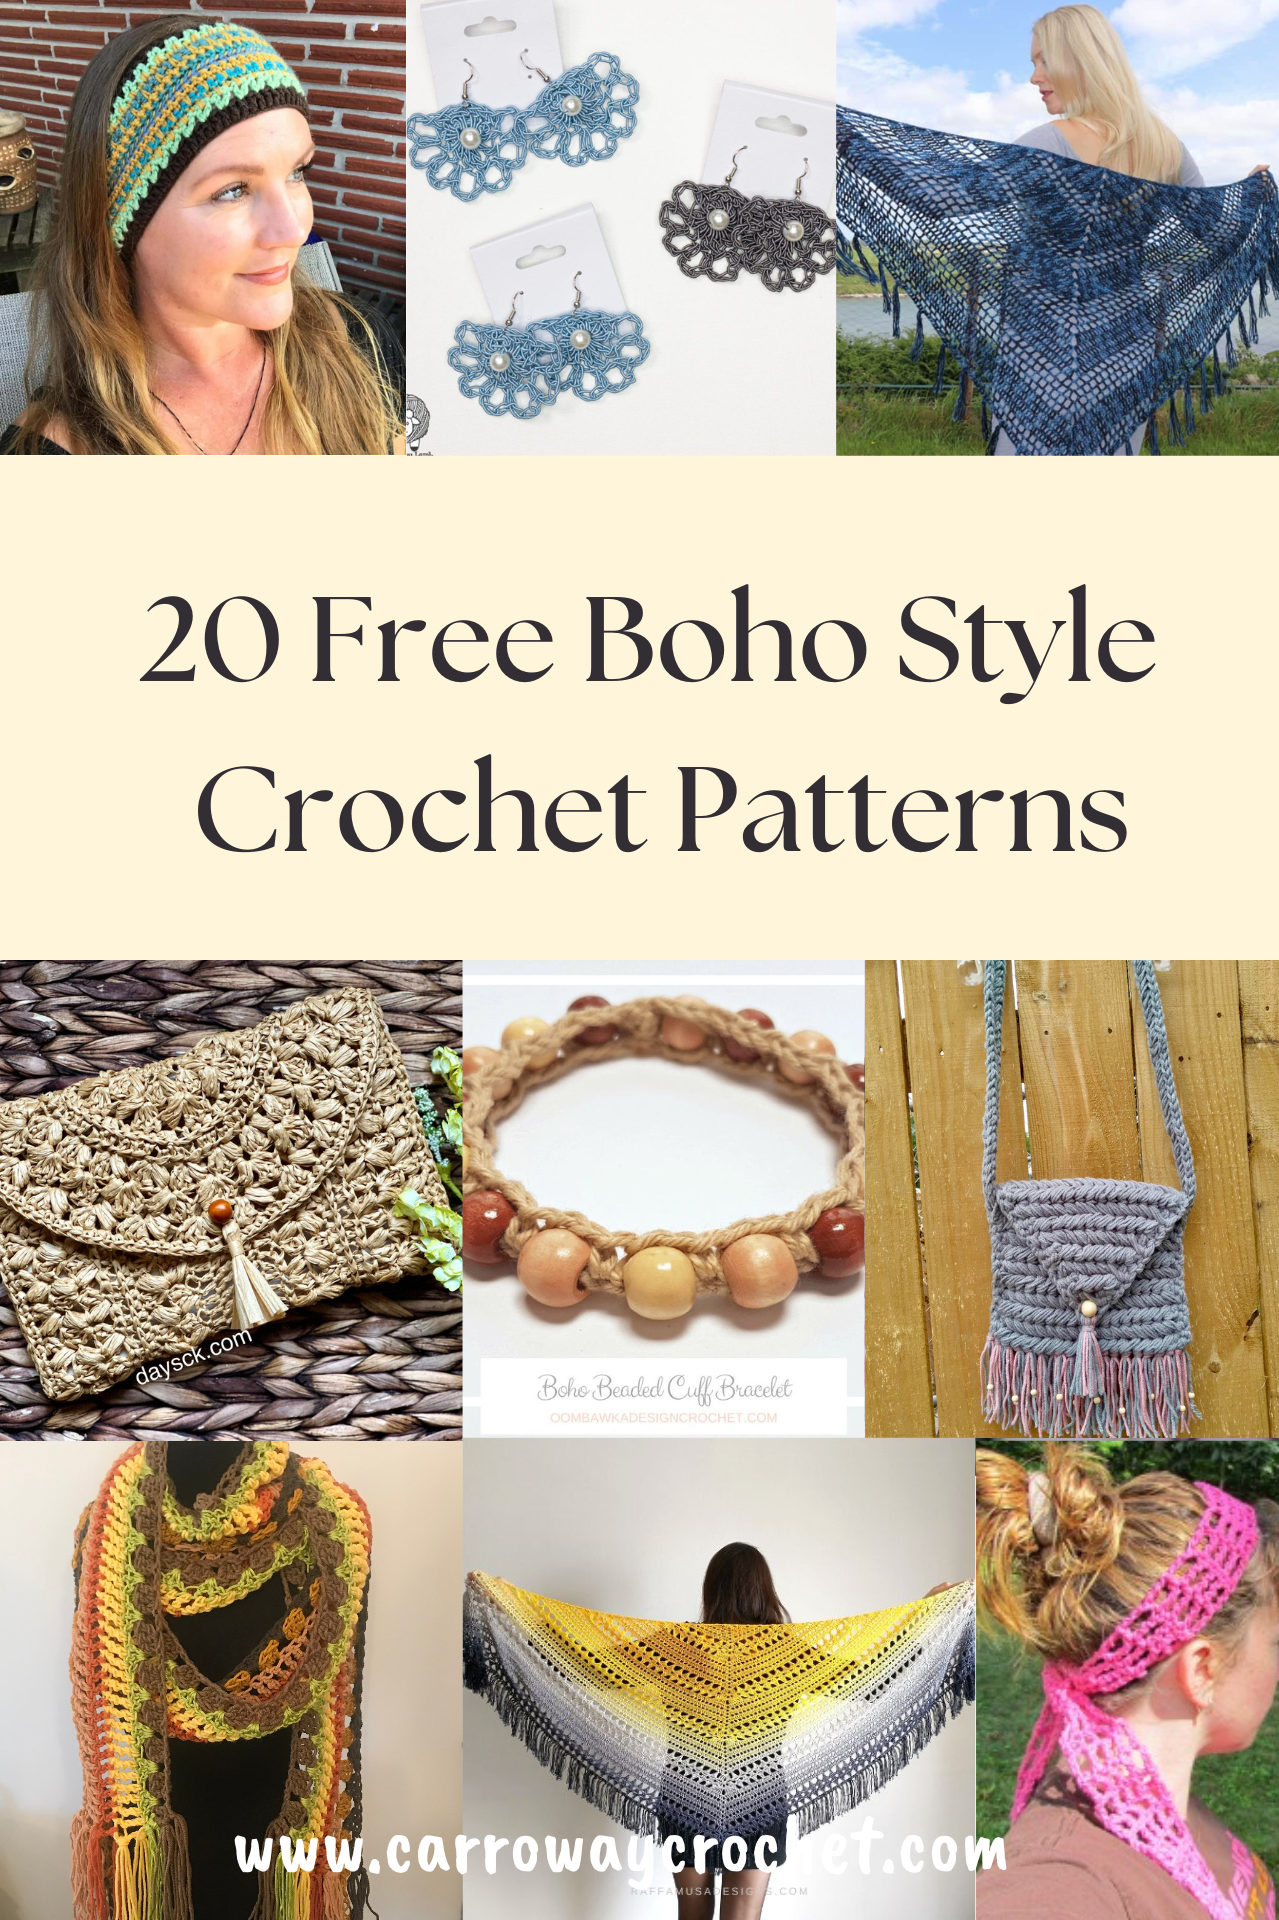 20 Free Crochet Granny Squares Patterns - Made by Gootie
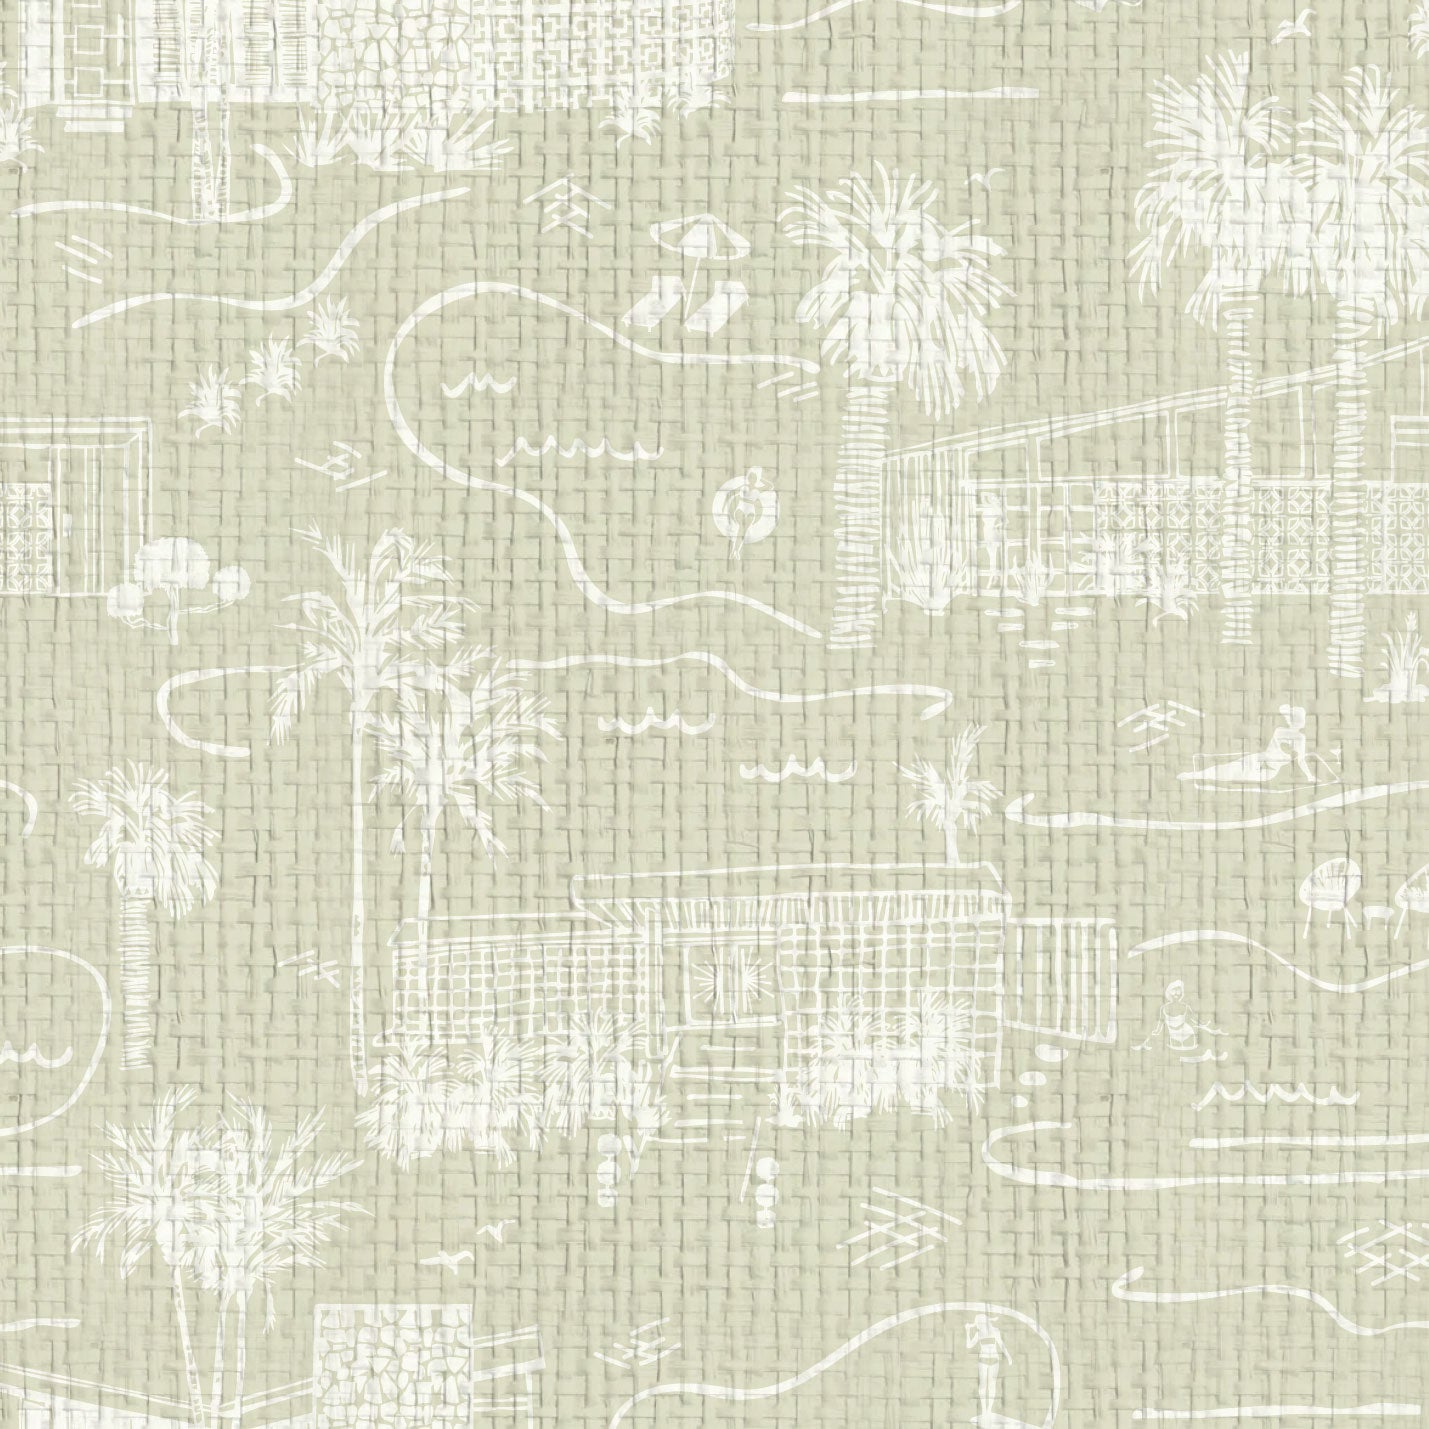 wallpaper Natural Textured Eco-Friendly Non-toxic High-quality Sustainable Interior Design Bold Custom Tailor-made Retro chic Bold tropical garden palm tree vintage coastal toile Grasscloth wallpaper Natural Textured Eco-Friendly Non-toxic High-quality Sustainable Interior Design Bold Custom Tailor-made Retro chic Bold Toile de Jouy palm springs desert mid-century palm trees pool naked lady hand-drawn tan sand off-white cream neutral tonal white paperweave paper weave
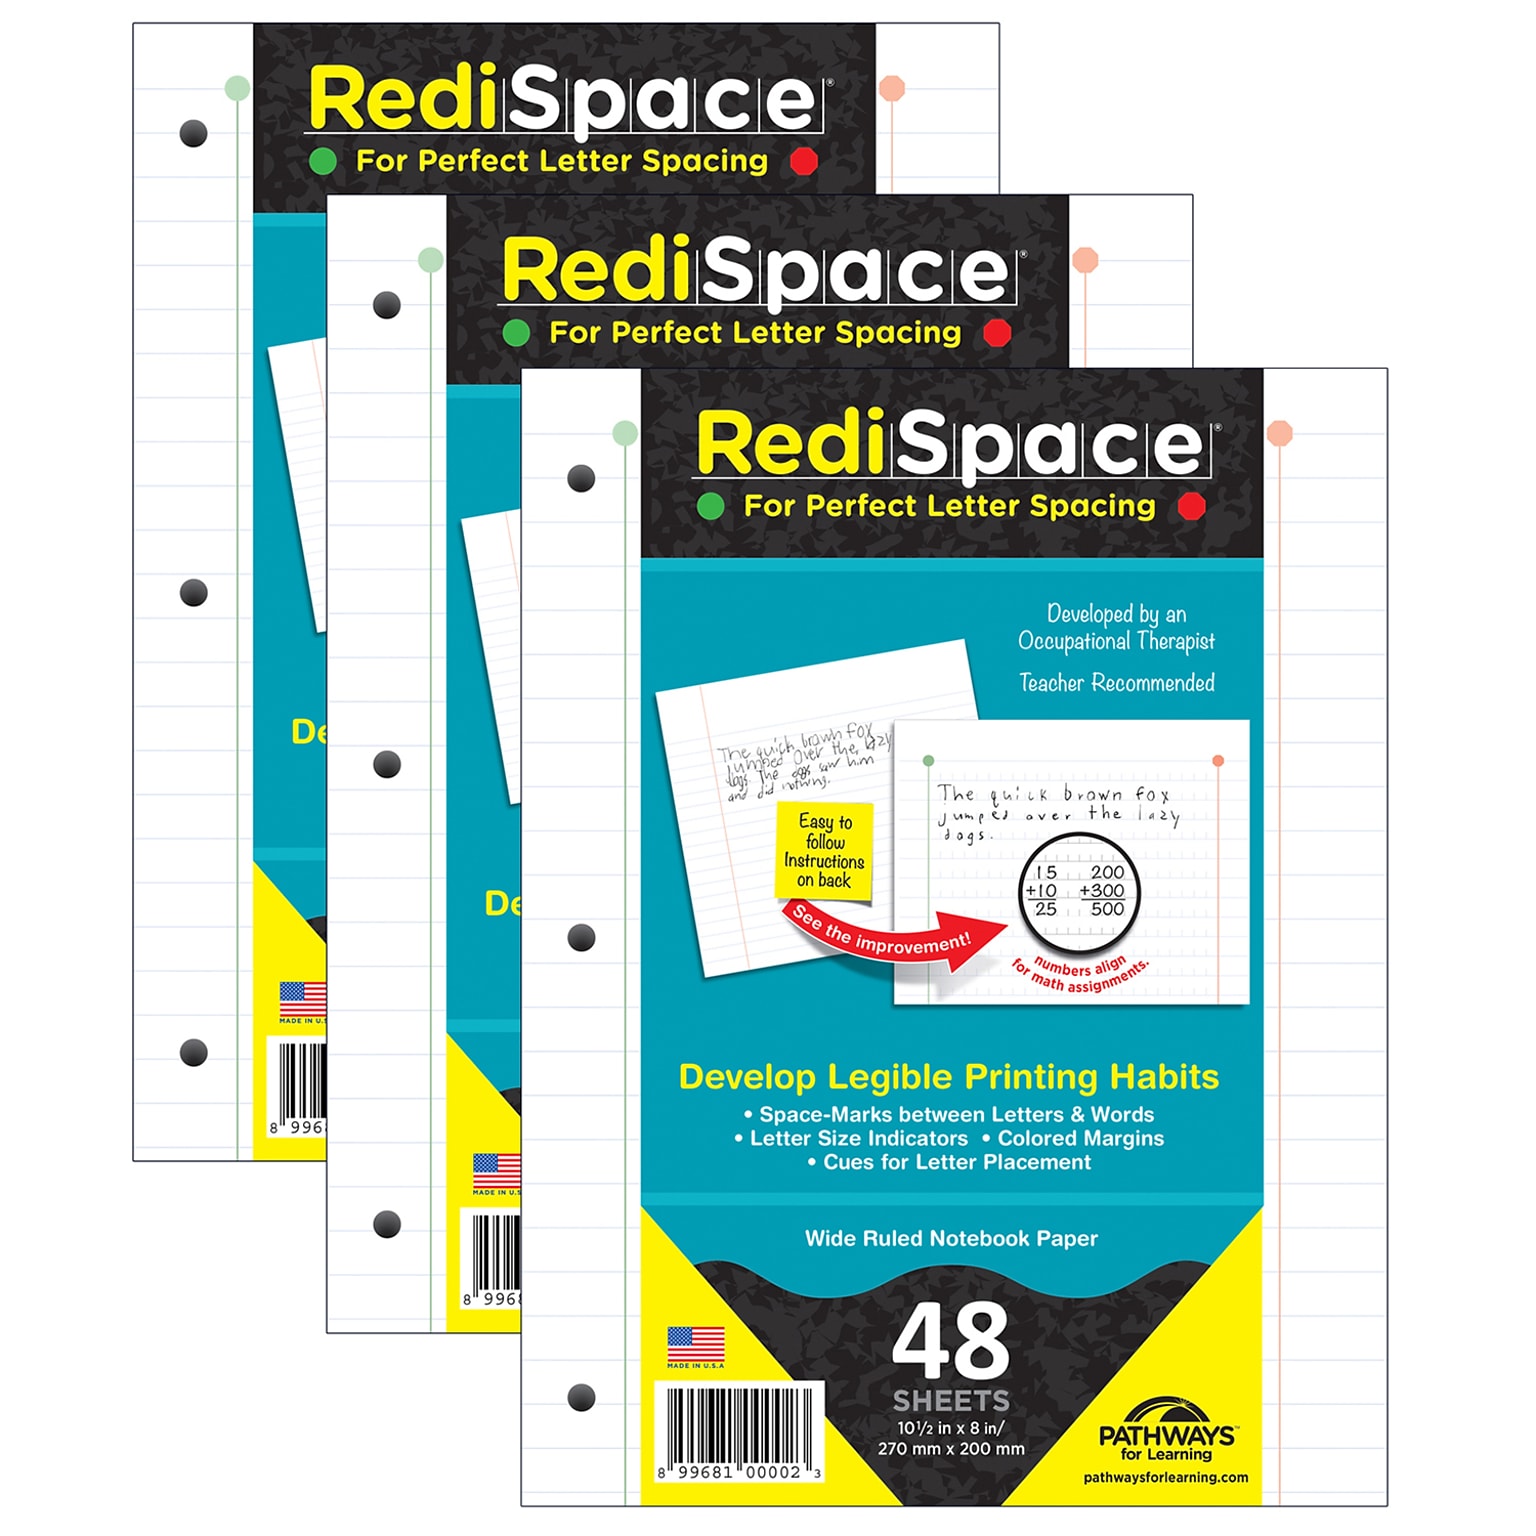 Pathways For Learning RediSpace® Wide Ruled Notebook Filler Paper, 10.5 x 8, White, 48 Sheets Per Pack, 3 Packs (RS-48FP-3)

◆ Task requirements ◆
Reproduce the data above exactly, leaving each picture out.

◆ Task output ◆
 20 Free Crochet Granny Squares Patterns - Made by Gootie
 wallpaper Natural Textured Eco-Friendly Non-toxic High-quality Sustainable Interior Design Bold Custom Tailor-made Retro chic Bold tropical garden palm tree vintage coastal toile Grasscloth wallpaper Natural Textured Eco-Friendly Non-toxic High-quality Sustainable Interior Design Bold Custom Tailor-made Retro chic Bold Toile de Jouy palm springs desert mid-century palm trees pool naked lady hand-drawn tan sand off-white cream neutral tonal white paperweave paper weave
 Pathways For Learning RediSpace® Wide Ruled Notebook Filler Paper, 10.5 x 8, White, 48 Sheets Per Pack, 3 Packs (RS-48FP-3)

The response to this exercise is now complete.